Data below ->
[Start of Attachment]
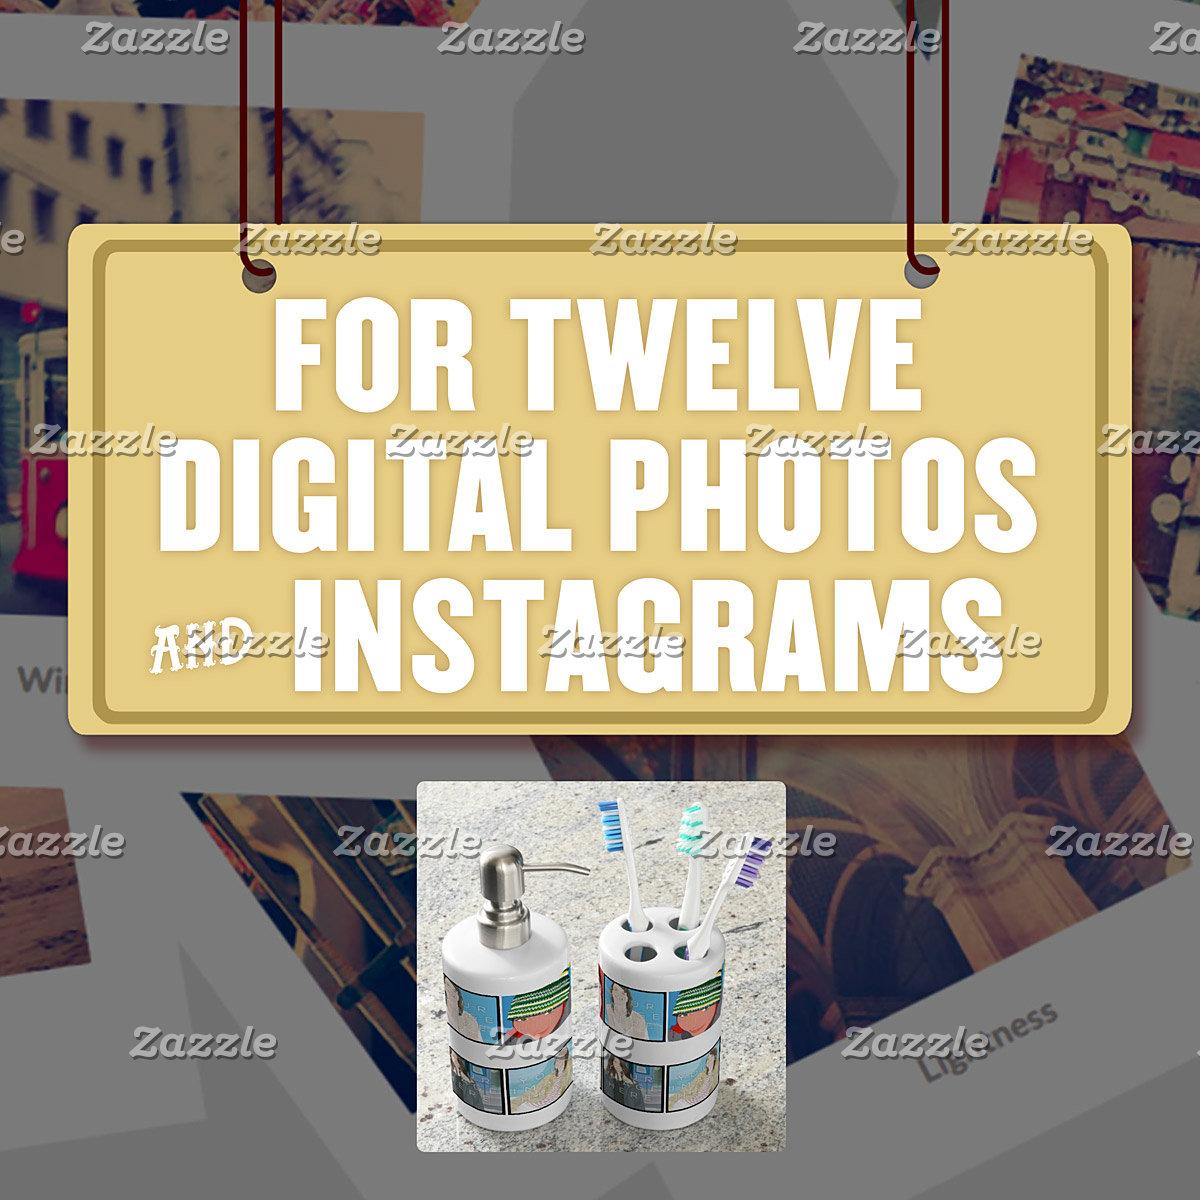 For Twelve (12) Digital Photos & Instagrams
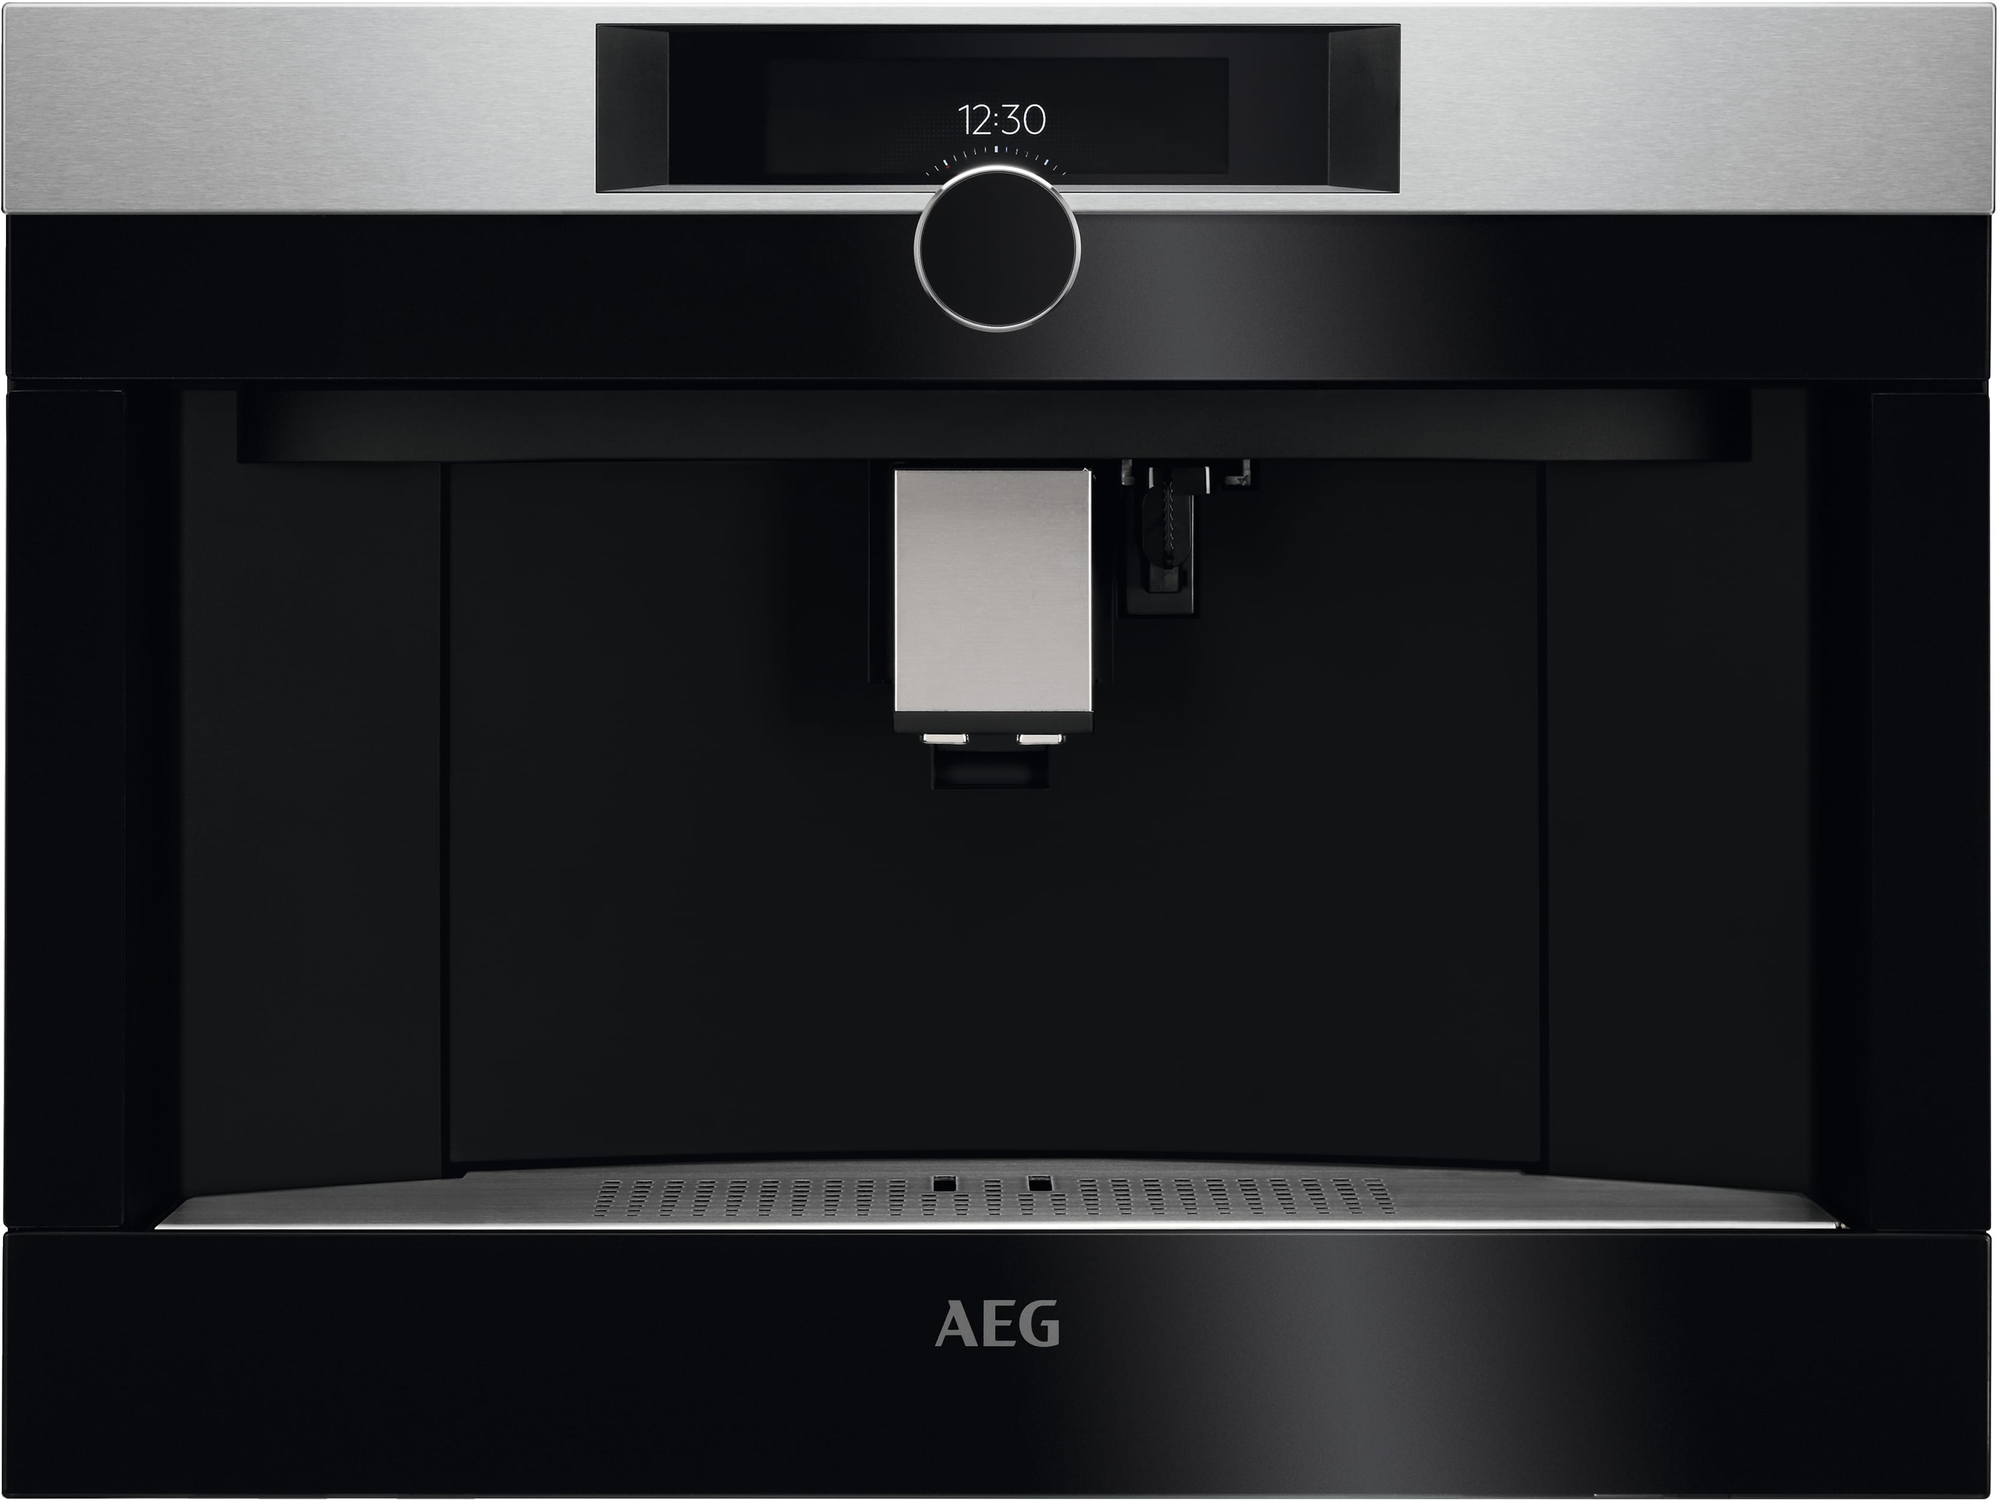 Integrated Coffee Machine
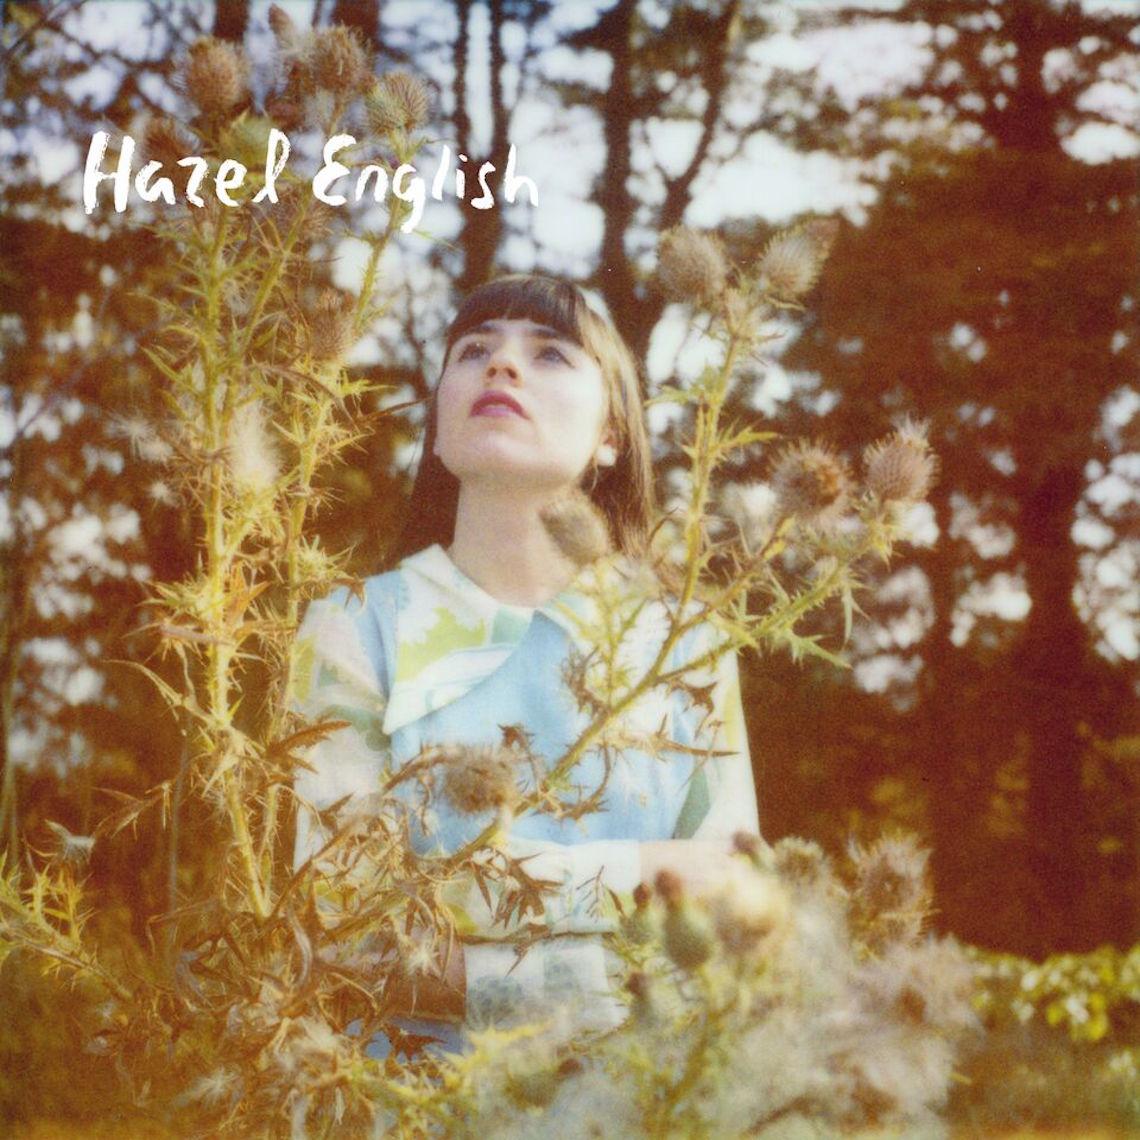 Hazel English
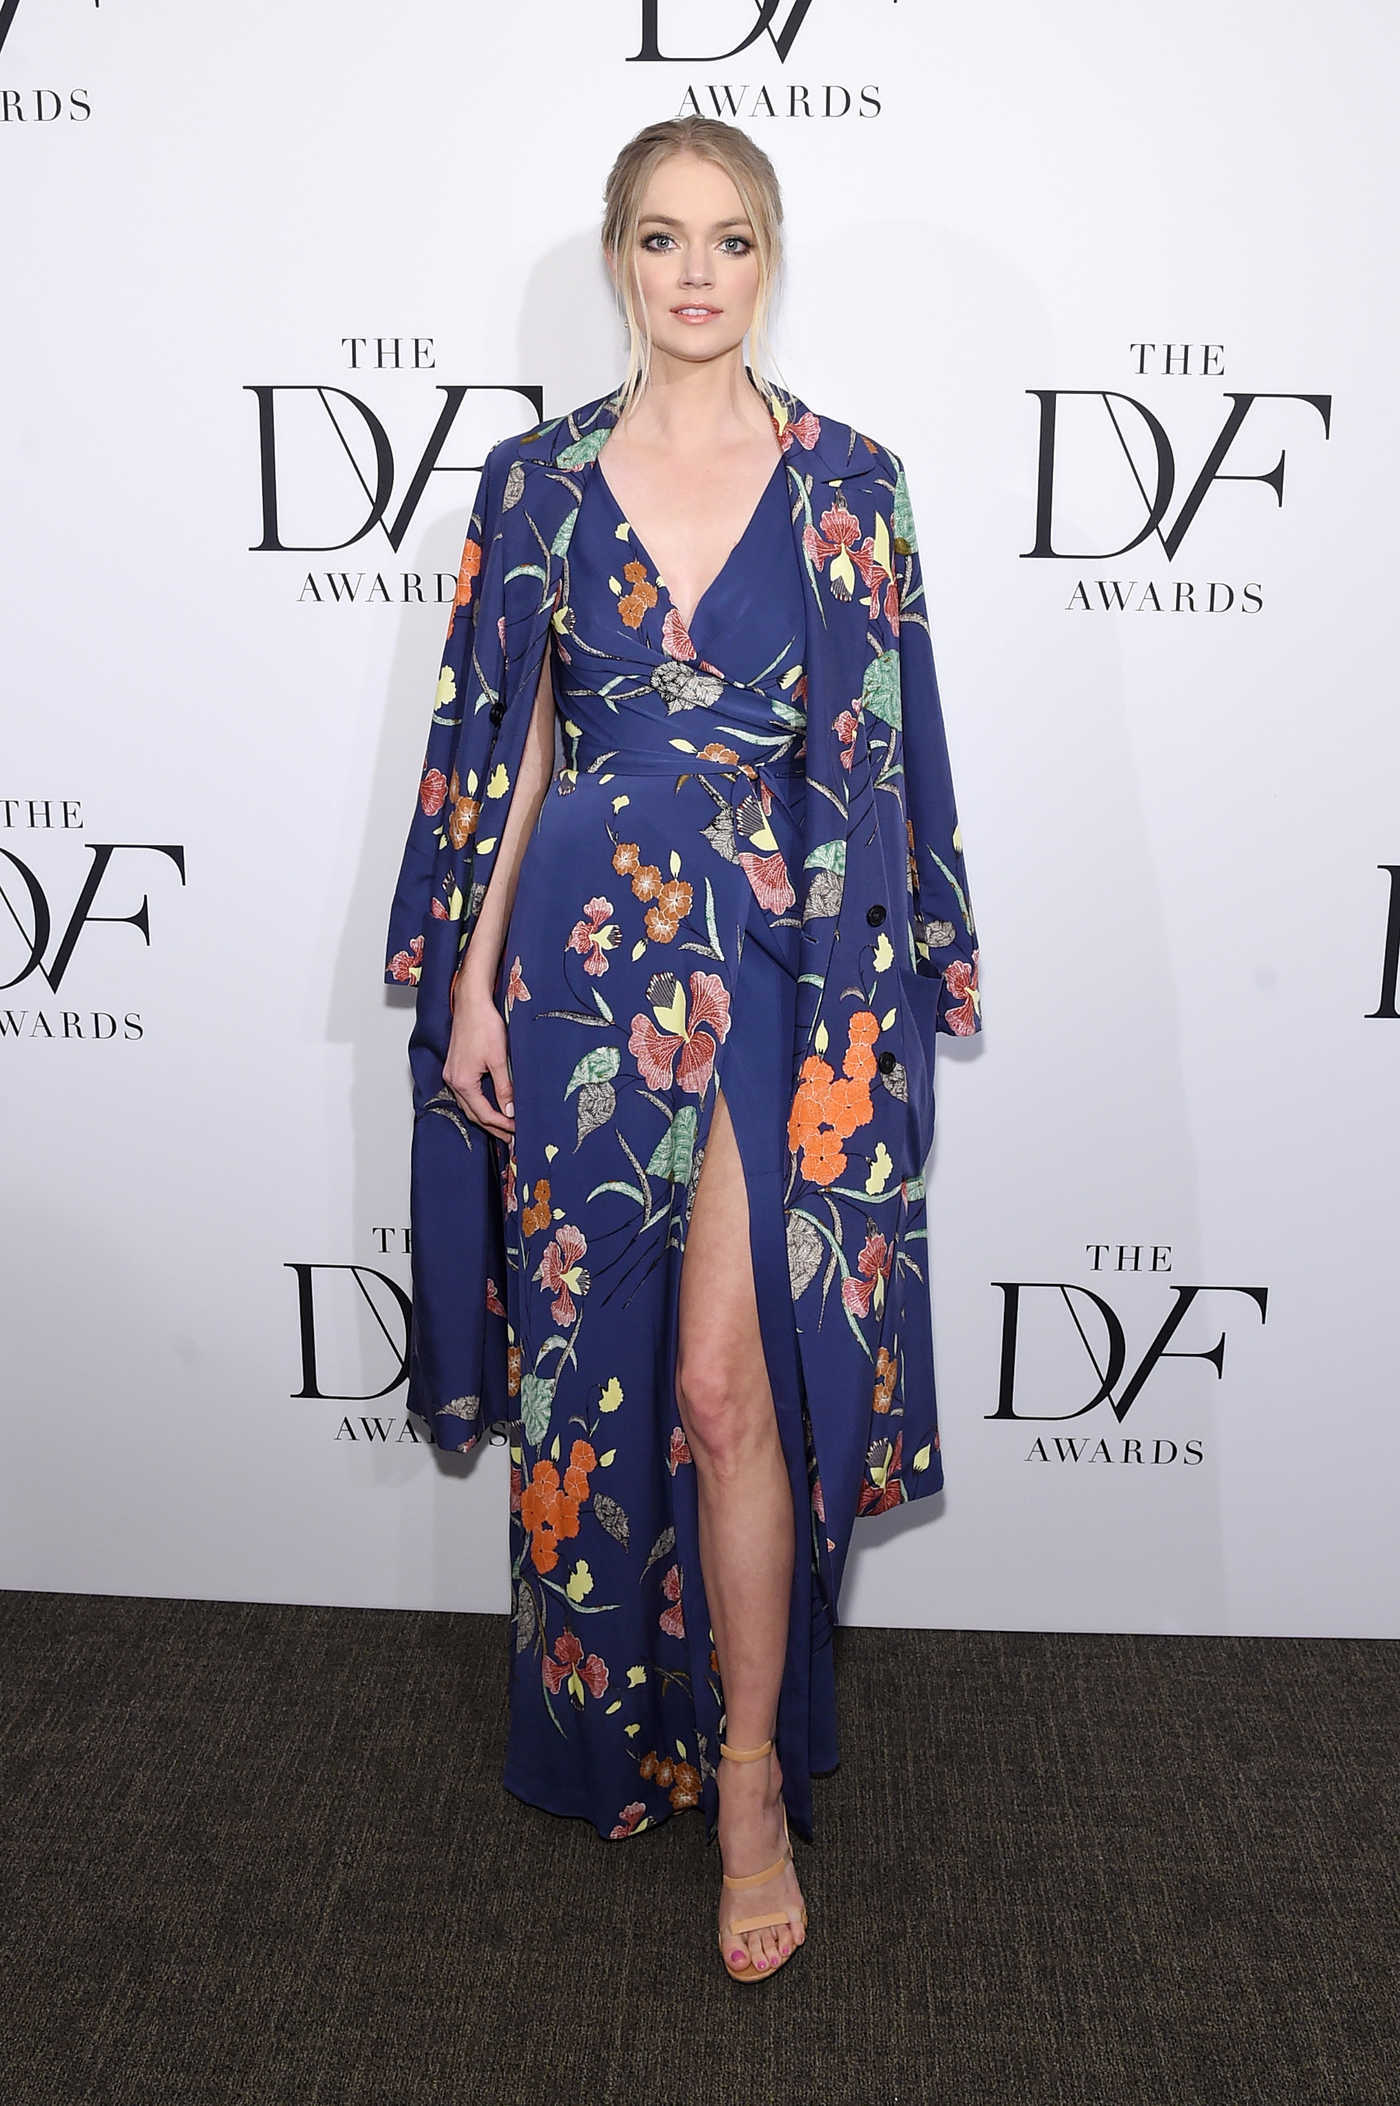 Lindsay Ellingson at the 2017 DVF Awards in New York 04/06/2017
[End of Attachment]
What to work on ->
The data must come back word for word, with every picture removed.

Task answer ->
 For Twelve (12) Digital Photos & Instagrams
 Integrated Coffee Machine
 Hazel English
 Lindsay Ellingson at the 2017 DVF Awards in New York 04/06/2017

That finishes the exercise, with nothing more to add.